告诉编译器它不知道的本地？

Question

I have a function called let , which modifies the calling namespace to insert a new variable.

def let(**nameValuePair):
    from inspect import stack

    name, value = nameValuePair.items()[0]
    stack()[1][0].f_locals[name] = value
    return value

The idea is it allows you insert assignment statements anywhere you want, even where assignment statements aren't typically allowed in Python (albeit, it requires 5 extra characters for let() .

This works perfectly when called from the global namespace.

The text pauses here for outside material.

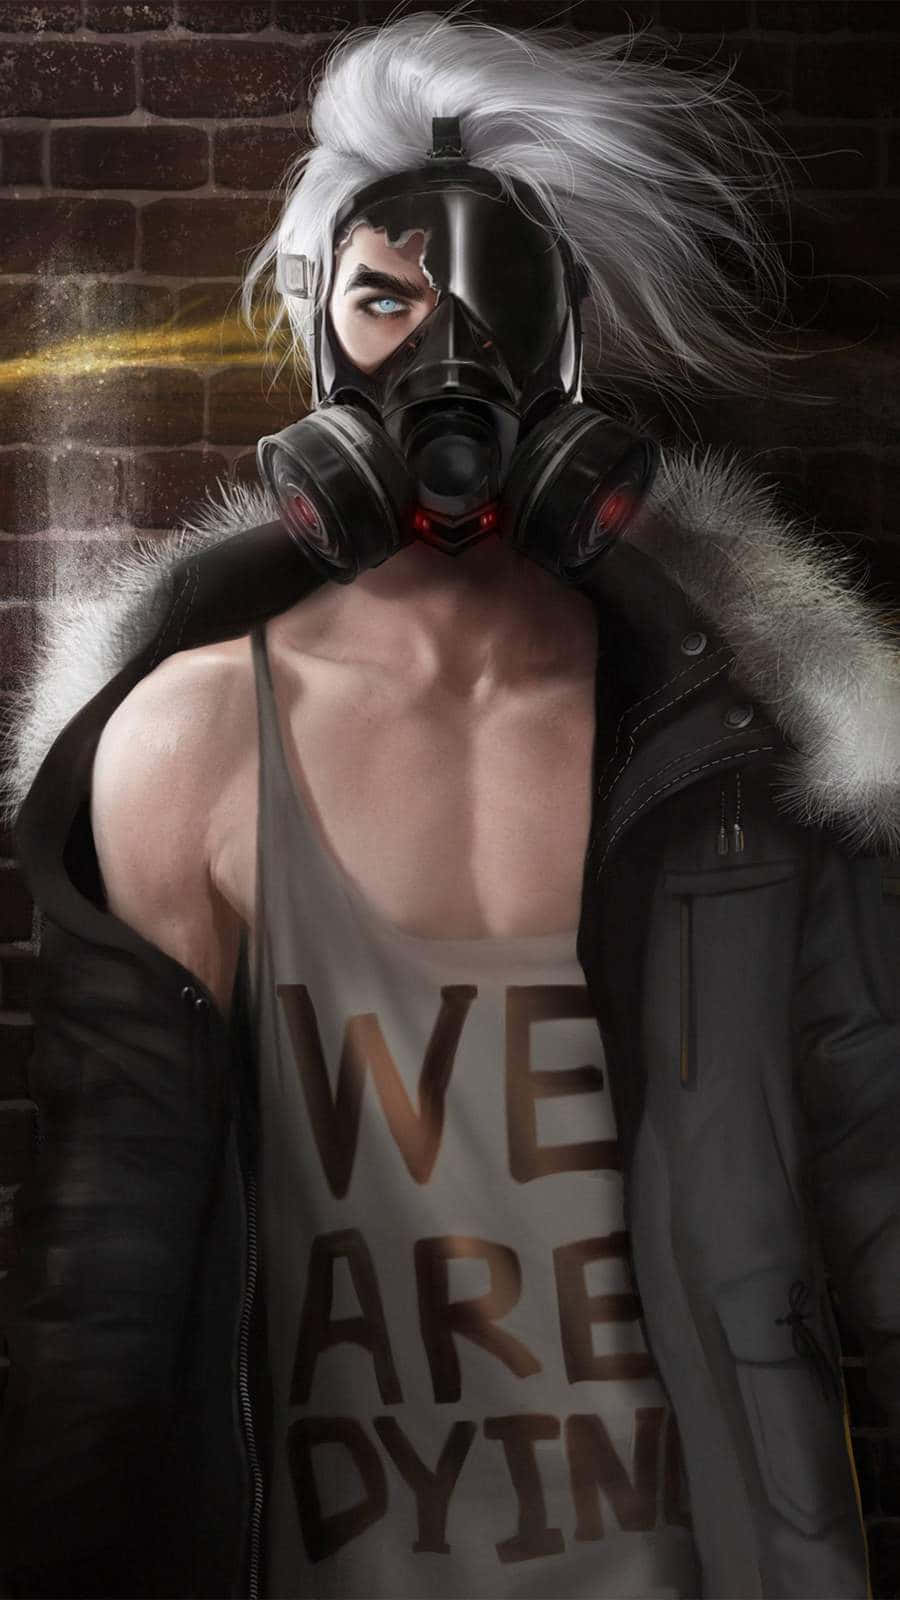 Intense Portrait Of A Muscular Young Man Wearing A Gas Mask

>>> let(outside = 'World')
>>> print(outside)
World

This fails with the error NameError: global name 'hello' is not defined :

>>> def breaker():
...     let(hello = 'World')
...     print(hello)
...
>>> breaker()

You might jump to the conclusion that the issue is with my let function. It is not - my function performs perfectly. To show you that:

>>> def fine():
...     let(another = 'World')
...     print(locals()['another'])
...
>>> fine()
World

The issue actually comes from when the Python interpreter compiles breaker . To demonstrate, I'll create another function which does the same thing as breaker , but using an ordinary assignment instead of let , and then I'll decompile both with dis .

>>> def normal():
...     hello = 'World'
...     print(hello)
...
>>> normal()
World

>>> from dis import dis
>>> print(dis(normal))
 0 LOAD_CONST               1 ('World')
 3 STORE_FAST               0 (hello)
 6 LOAD_FAST                0 (hello)
 9 PRINT_ITEM
10 PRINT_NEWLINE
11 LOAD_CONST               0 (None)
14 RETURN_VALUE

>>> print(dis(breaker))
 0 LOAD_GLOBAL              0 (let)
 3 LOAD_CONST               1 ('hello')
 6 LOAD_CONST               2 ('World')
 9 CALL_FUNCTION          256
12 POP_TOP
13 LOAD_GLOBAL              2 (hello)  # <= This is the real problem.
16 PRINT_ITEM
17 PRINT_NEWLINE
18 LOAD_CONST               0 (None)
19 RETURN_VALUE

The problem is, the compiler is looking over breaker , doesn't see that hello gets assigned anywhere in the local scope, and so assumes that it must be a global variable.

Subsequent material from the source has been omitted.